Unitarily inequivalent quantum cosmological bouncing models

TL;DR

This paper investigates the ambiguity in variable choice during quantization of bouncing cosmological models, revealing potential predictability issues that are less prominent in inflationary scenarios due to their monotonic scale factor behavior.

Contribution

It demonstrates that unitarily inequivalent quantizations in bouncing models can lead to incompatible predictions, highlighting a fundamental ambiguity absent in inflationary models.

Findings

Ambiguity in variable choice affects quantum predictions in bouncing models.

Inflationary models avoid this ambiguity due to monotonic scale factor.

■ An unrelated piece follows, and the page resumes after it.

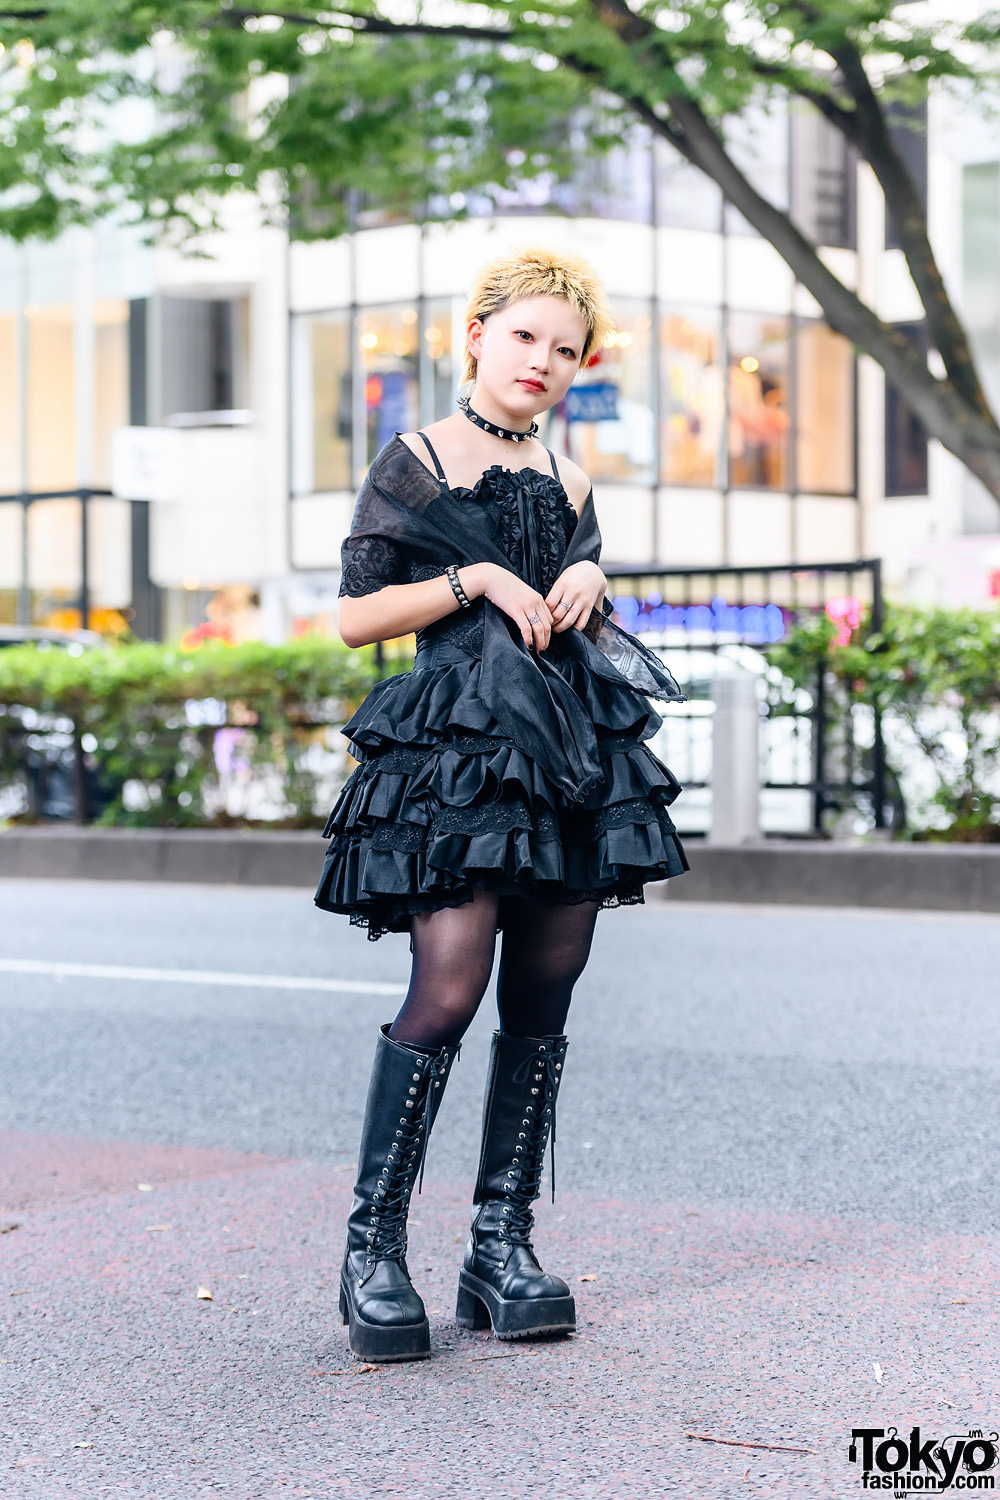 Gothic Grunge Tokyo Style w/ Cropped Hair, Spiked Choker, Tiered Corset Dress, Organza Shawl, Sheer Stockings & Demonia Knee-High Boots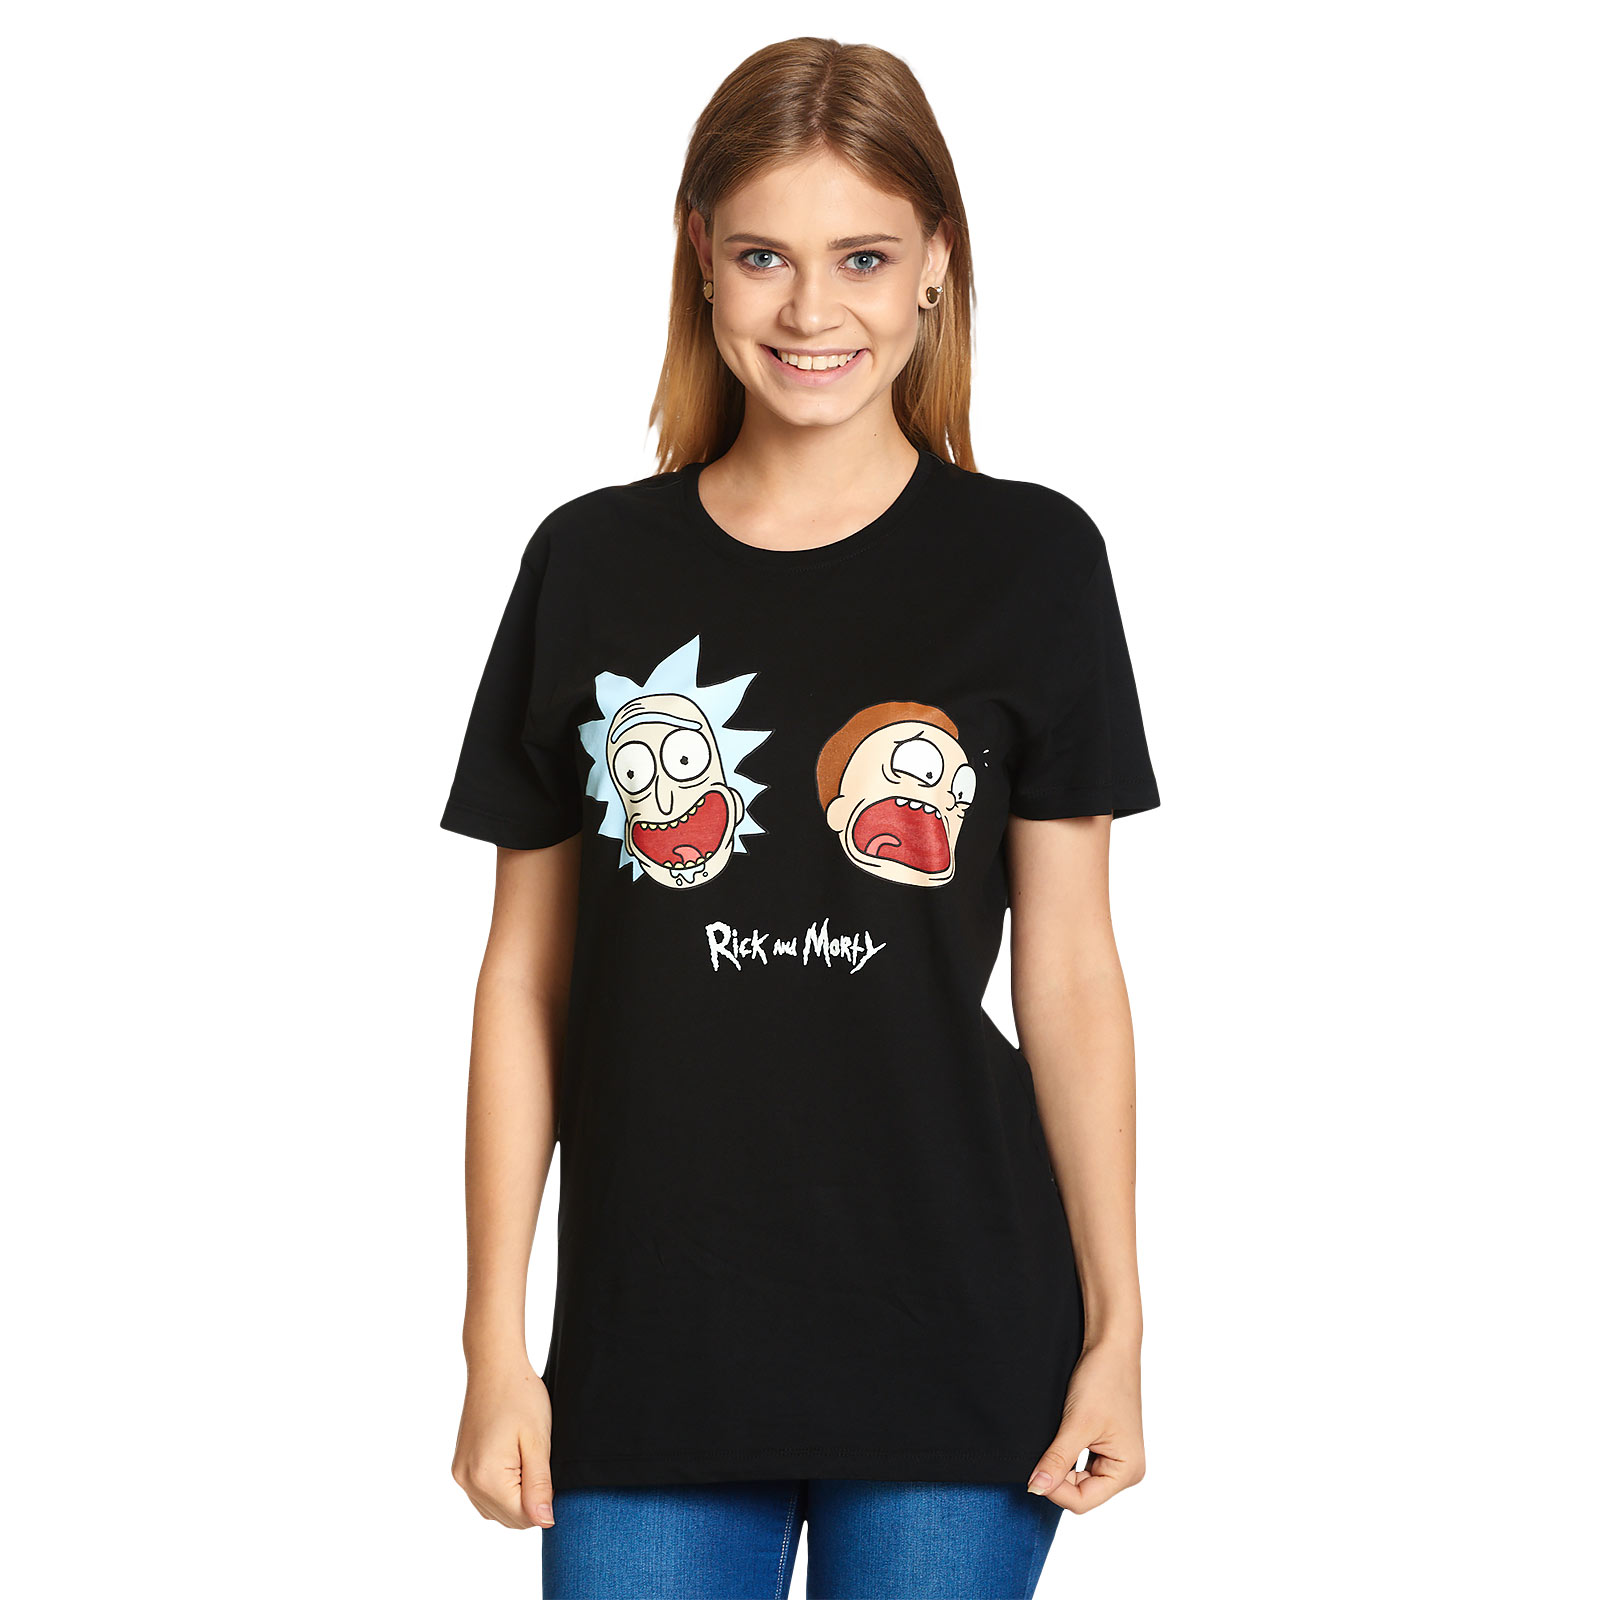 Rick and Morty - Crazy Faces Glow in the Dark T-Shirt

Bouncing scenarios may face predictability issues because of this ambiguity.

Abstract

By quantising the background as well as the perturbations in a simple one fluid model, we show that there exists an ambiguity in the choice of relevant variables, potentially leading to incompatible observational physical predictions. In a classical or quantum inflationary background, the exact same canonical transformations lead to unique predictions, so the ambiguity we put forward demands a semiclassical background with a sufficiently strong departure from classical evolution. The latter condition happens to be satisfied in bouncing scenarios, which may thus be having predictability issues. Inflationary models could evade such a problem because of the monotonic behavior of their scale factor; they do, however, initiate from a singular state which bouncing scenarios aim at solving.